One of Waterville's original barns sports a classic Friendship Star quilt block.
The first blacksmith shop in Waterville and later a place for fanning oats, this small barn holds a Star Within a Star quilt. The Petersens are 4th generation Waterville farmers.
Erected in 1995, the Waterville Recycle Center recycles more lbs. per capita than any other recycling center in Douglas County. The center is identified by a barn quilt showing a large recycle symbol backed with bands of primary colors. The quilt is dedicated to the PEOPLE-those who volunteer to run the center and those who faithfully recycle.
Built in the early 1900’s by the local grain company, this building currently houses a CPA business. Carol’s Trees quilt represents South Douglas Conservation District’s annual tree sale which Carol manages.
Veteran and active service in the Navy led the Johnson family to choose submarine gray to border their patriotic quilt design. An 8-pointed star within an 8-pointed star surround the flaglike symbol. This home was originally built by Charlie Clements, a leading innovator in early TV cable systems.
In 1903 Anton Guibert used local brick to build this classic store that now houses the Waterville Library. Well preserved, the building is part of the Downtown Historic District. A pair of Readers quilts, purchased by the Friends of the Library, provide bookends for the Waterville Library sign.
A barn quilt designed and painted by art students honors the Shockers and the wheat raised in the Waterville area. The Waterville School district was organized in 1885. The first gym was built on this site in 1943 and was remodeled/updated in 1995.
Chris Hinderer was given this old state highway shed, built in 1932, for $1 and the promise that he would move it off the state property across the street. Flying Geese surround the horse celebrating the family’s love of horses.
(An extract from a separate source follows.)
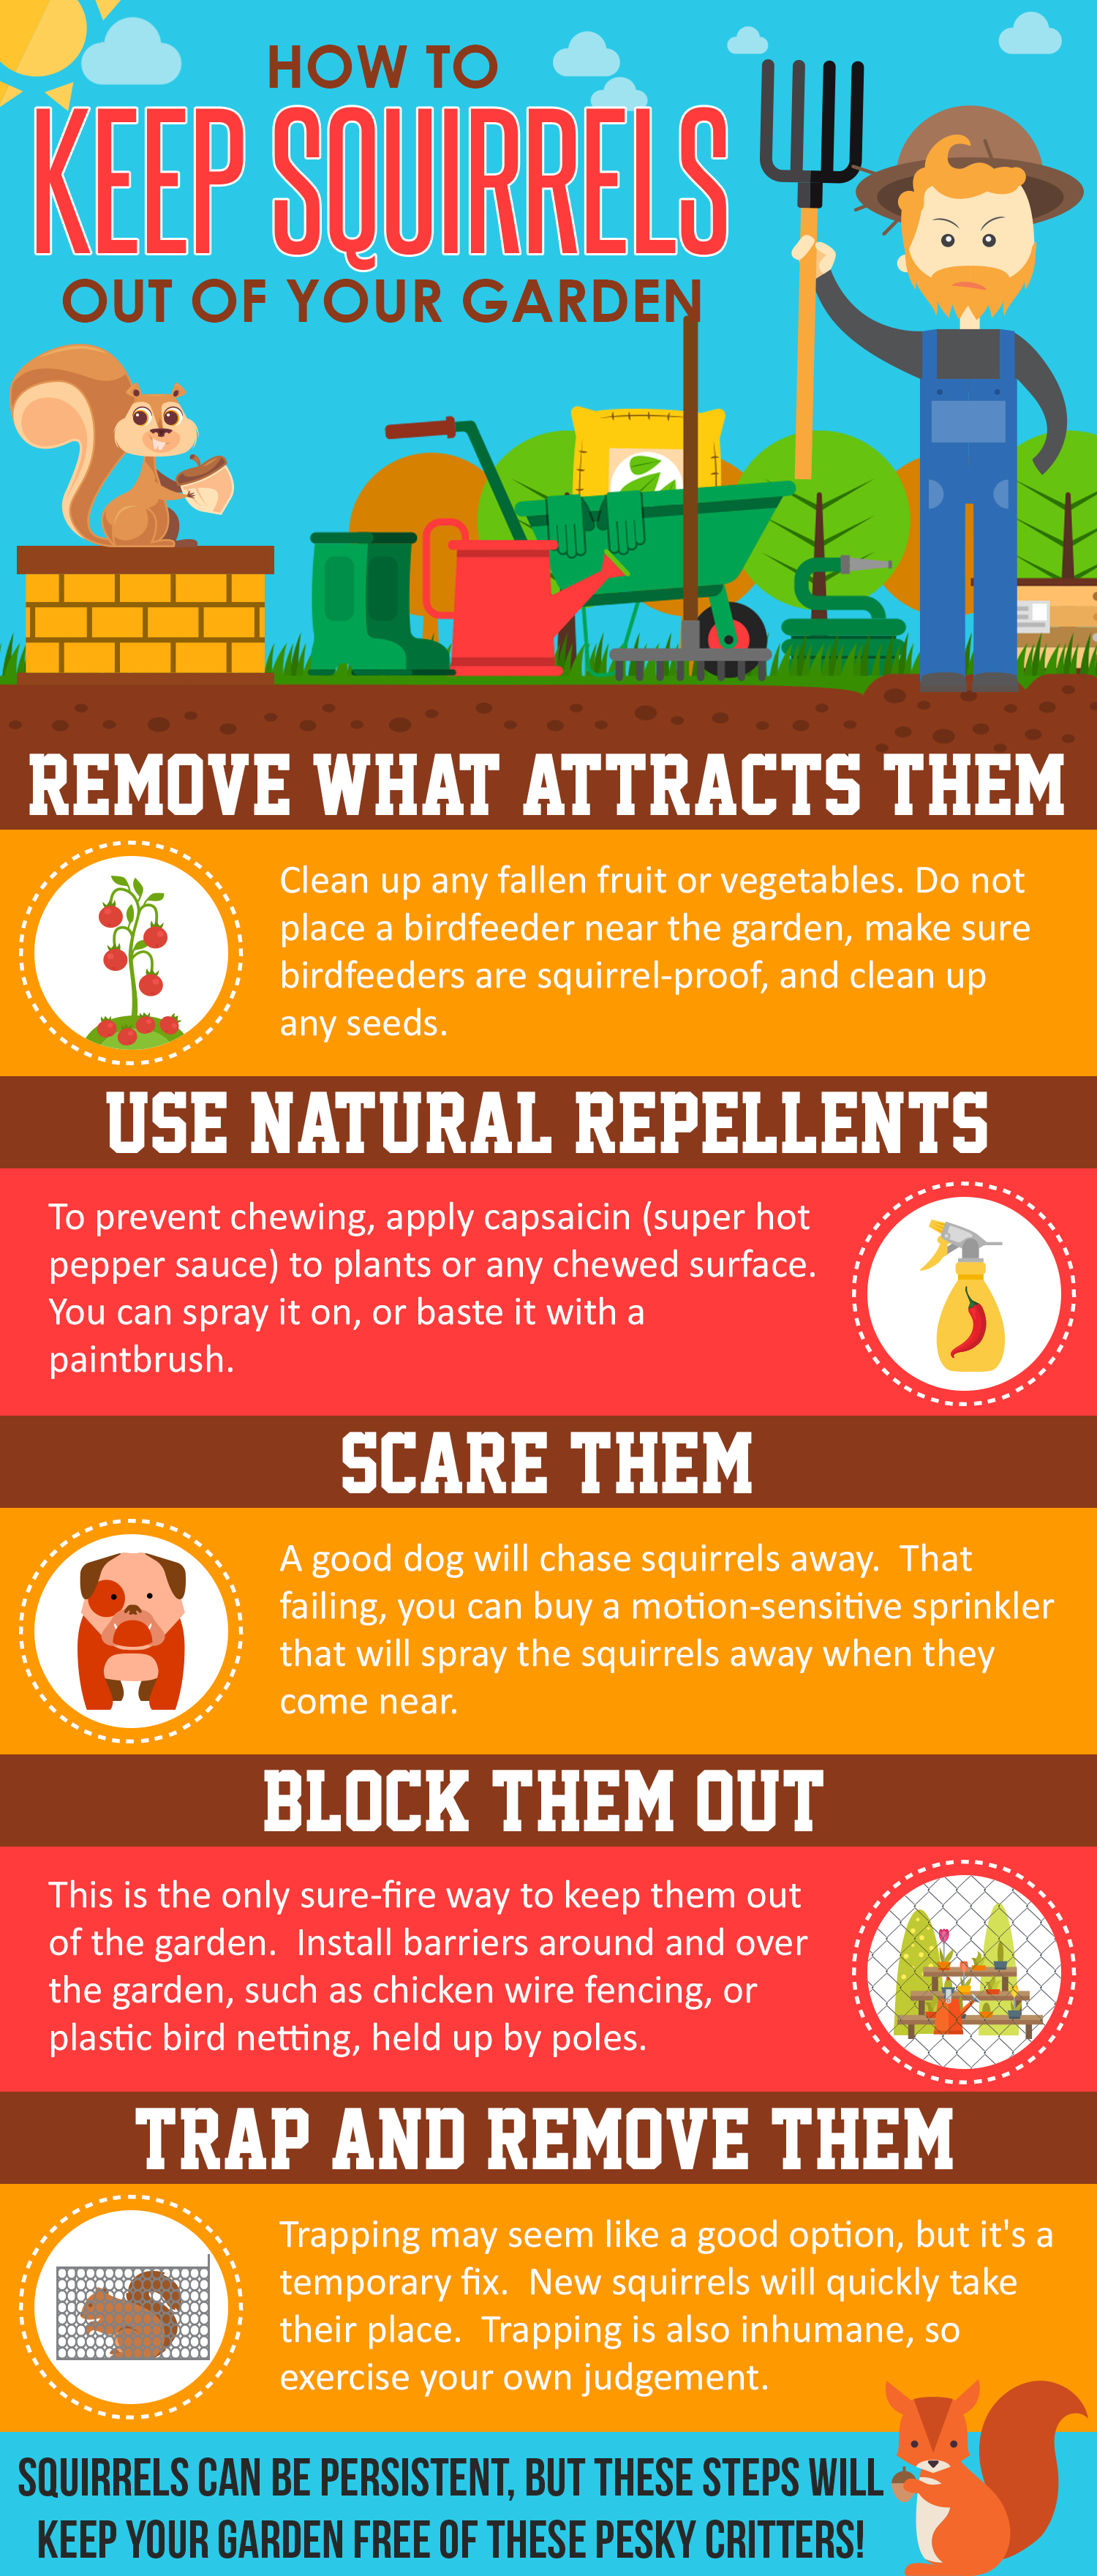 How To Keep Squirrels Out Of My Garden Infographic

Iris in the Grove has been mounted on one of the many one-room schoolhouses that were built throughout the Waterville Plateau in the early 1900’s. Jill honors her family farm, 50 Pines, and her uncle’s hobby of iris cultivation.
Built in 1916, this craftsman style home boasts a Union Star quilt near the front door.
Built in 1975 as a machinery repair shop for a Case IH dealership, the building now houses Bainbridge Manufacturing where small plastic parts are made and shipped worldwide.
This new home is built on property owned by the family since 1938 when E.P. Hinderer moved his family to this location. Lois designed the quilt square.
Ole Ruud, the first farmer to turn sod in Douglas County, homesteaded near Badger Mt. in 1883 and registered this brand in 1909. Jim Ruud, Ole’s great grandson, owns and farms the land where the family still uses the brand.
A Twisted Star quilt enhances the clinic which was built entirely from community donations in 1950. Owned by the local health district, this bldg. has housed private doctors, PAs and Confluence Health personnel.